* WORK REQUEST: Your output must be the lines below from the line containing "Pedro Guilherme's show" to the line containing "CORSAIR CC-8900254 Premium", both lines included, reproduced exactly and without pictures.

* THE DATA:
──────────

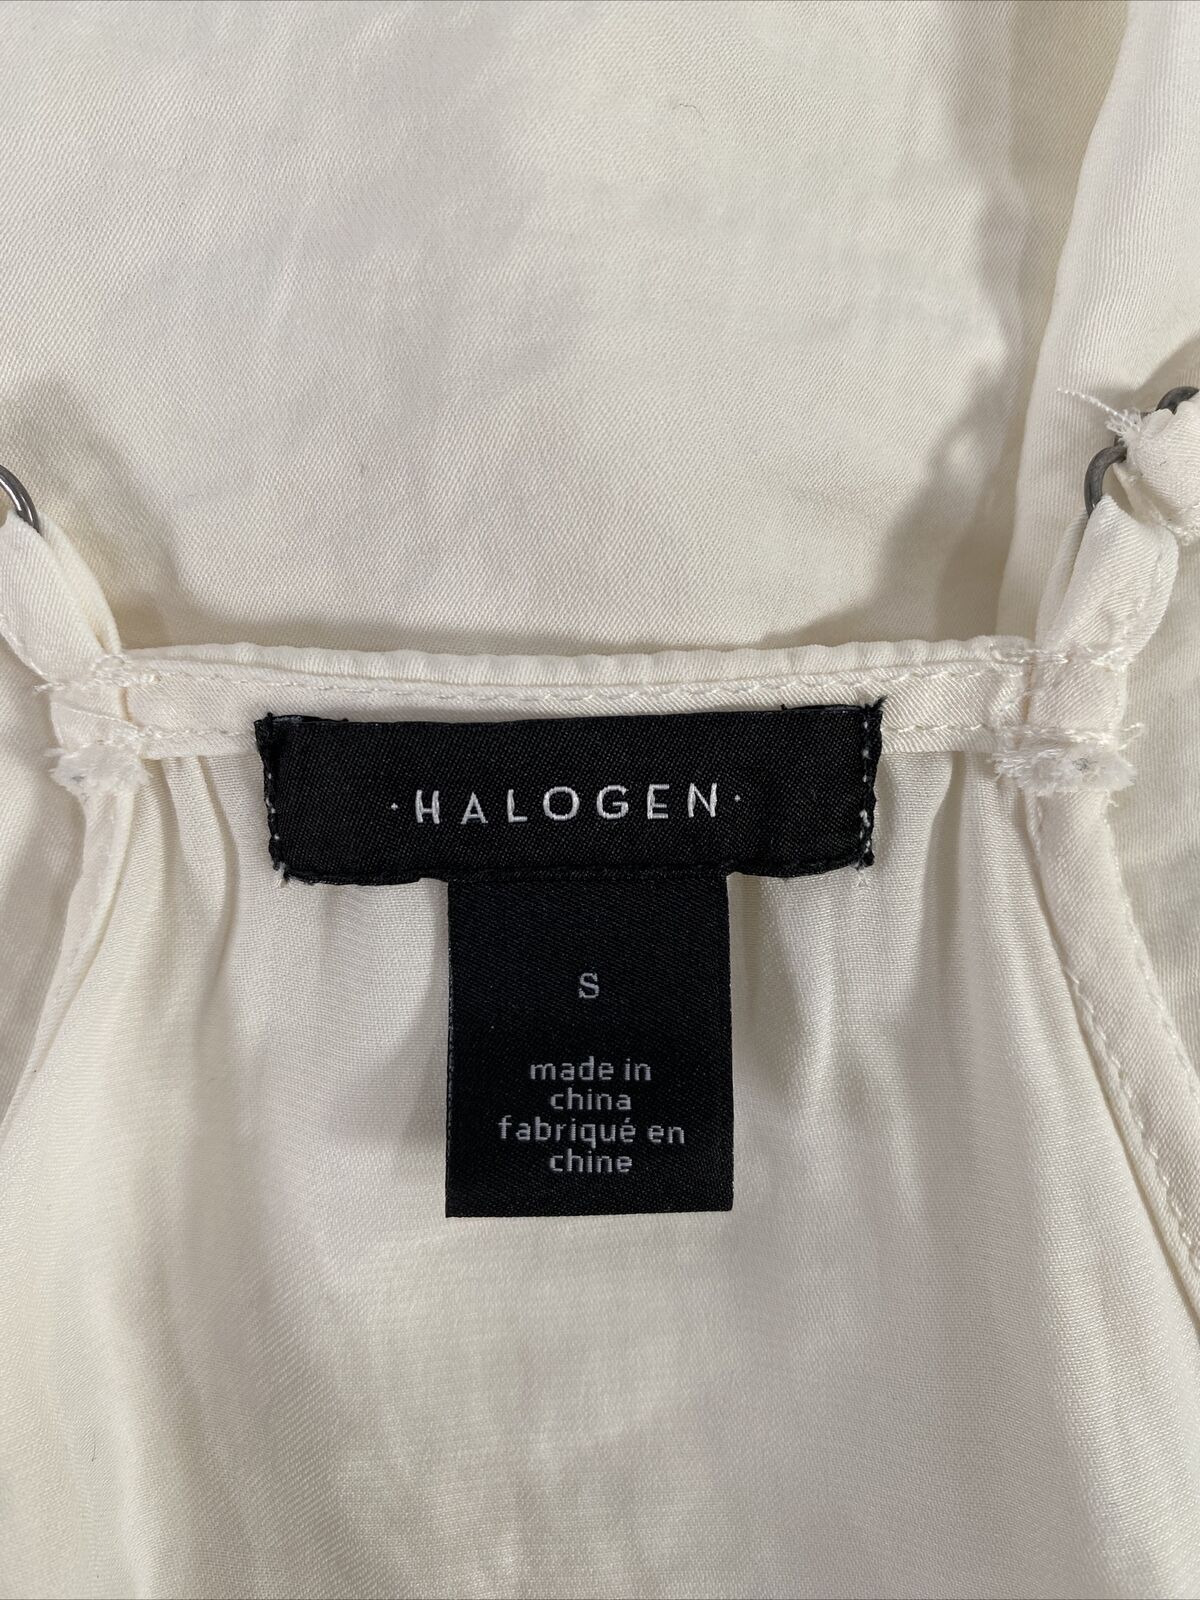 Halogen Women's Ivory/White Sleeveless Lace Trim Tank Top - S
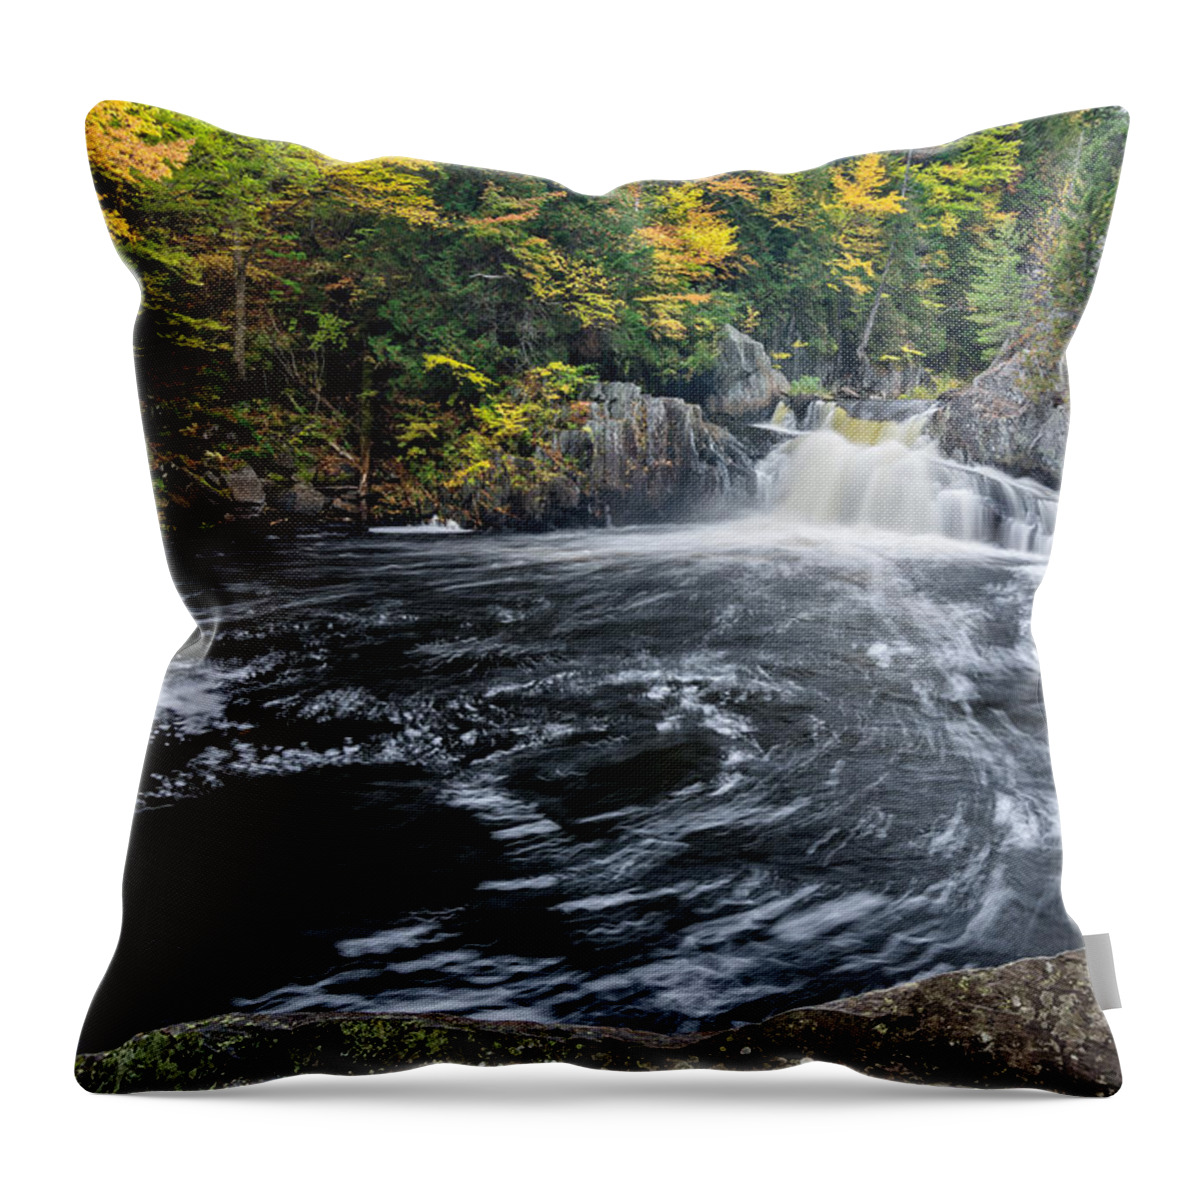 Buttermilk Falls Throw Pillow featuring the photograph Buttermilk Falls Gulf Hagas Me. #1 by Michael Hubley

──────────

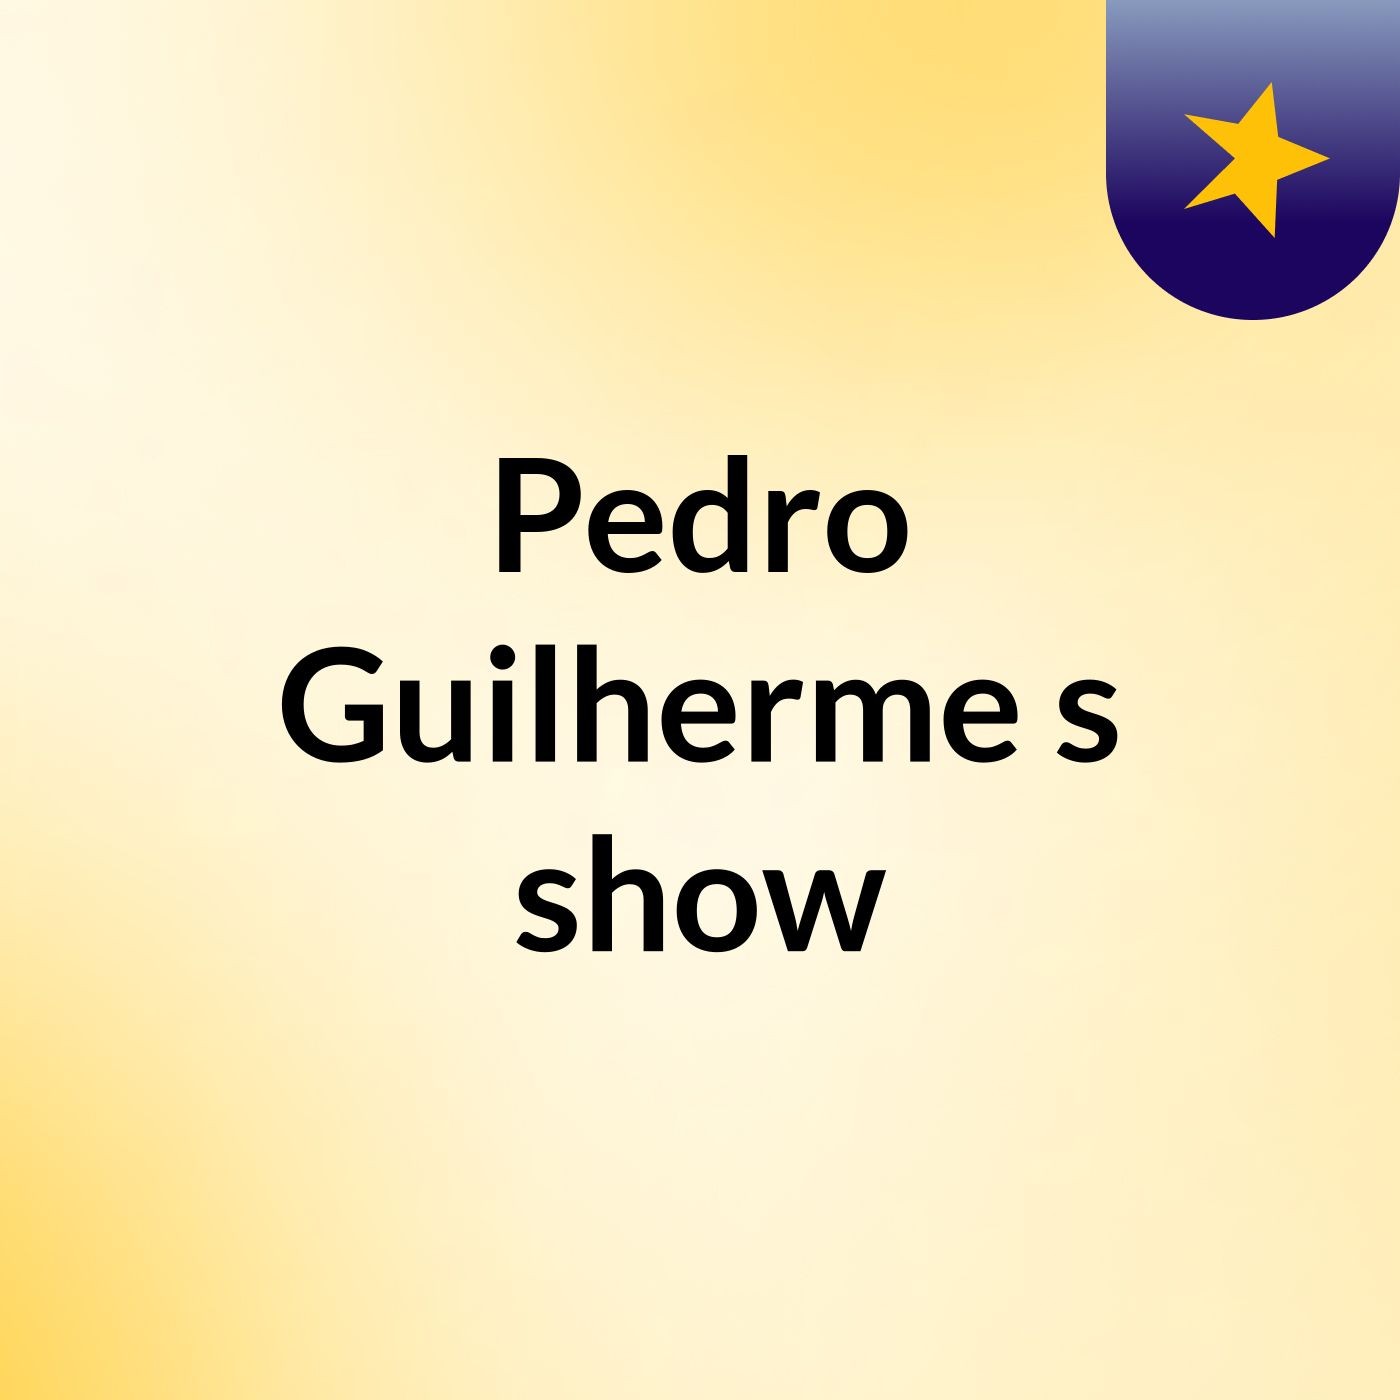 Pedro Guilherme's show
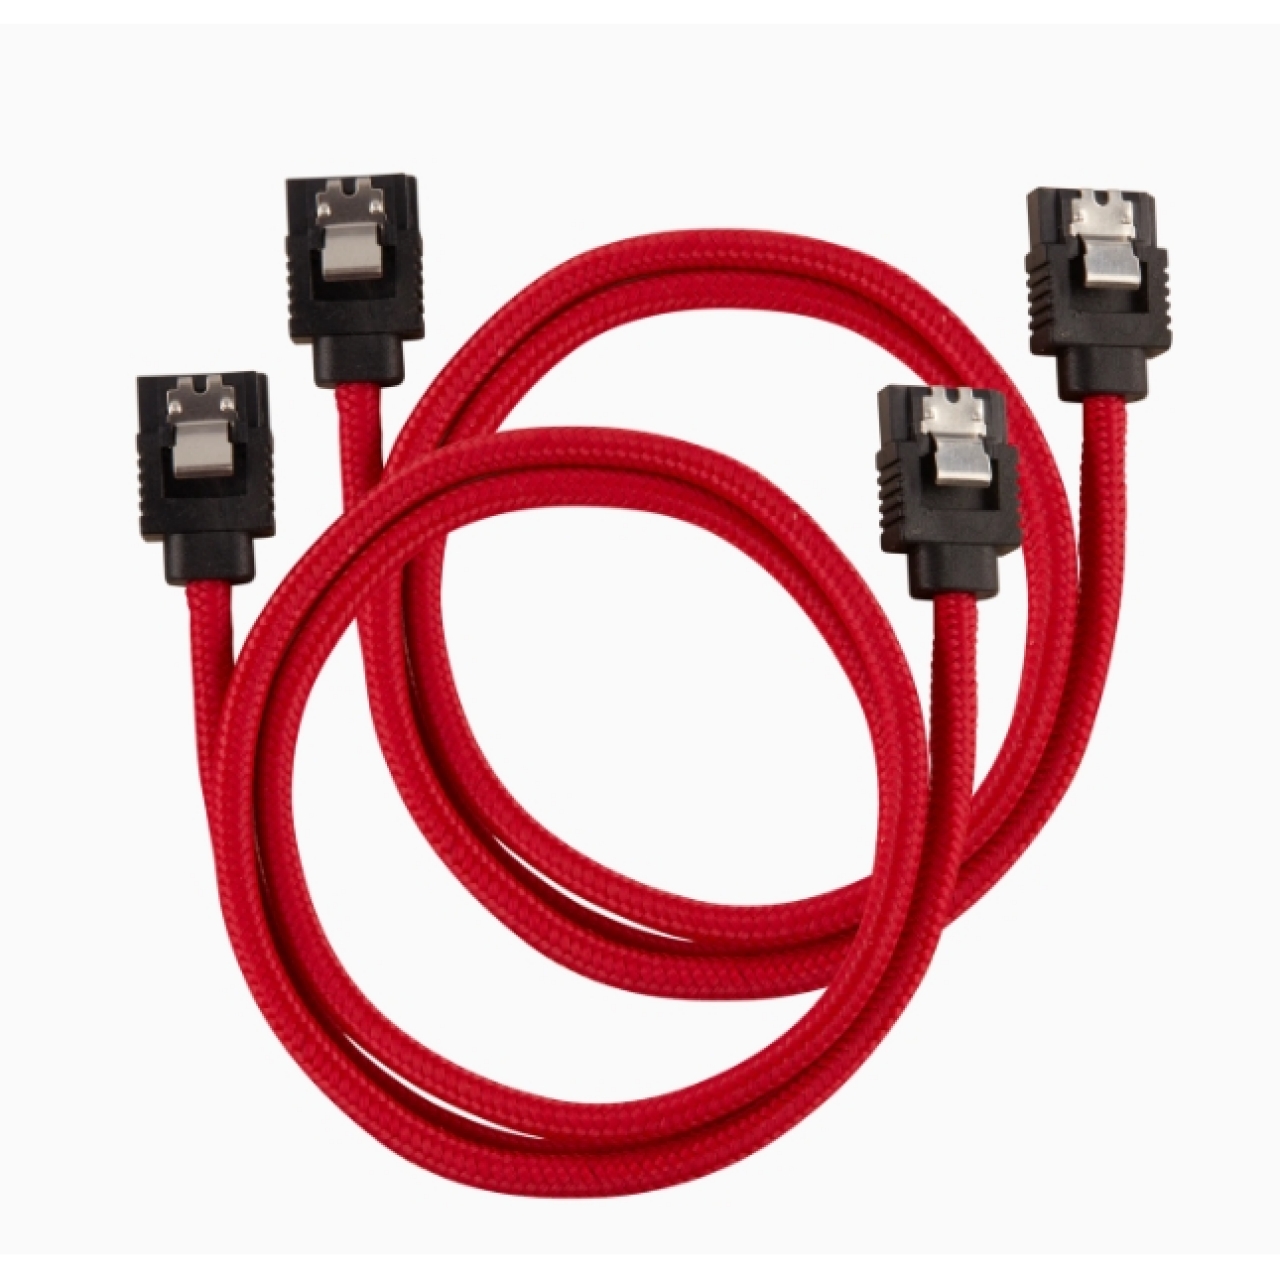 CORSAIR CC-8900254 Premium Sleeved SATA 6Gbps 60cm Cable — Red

──────────

* RESULT FOR THIS TASK:
 Pedro Guilherme's show
 CORSAIR CC-8900254 Premium Sleeved SATA 6Gbps 60cm Cable — Red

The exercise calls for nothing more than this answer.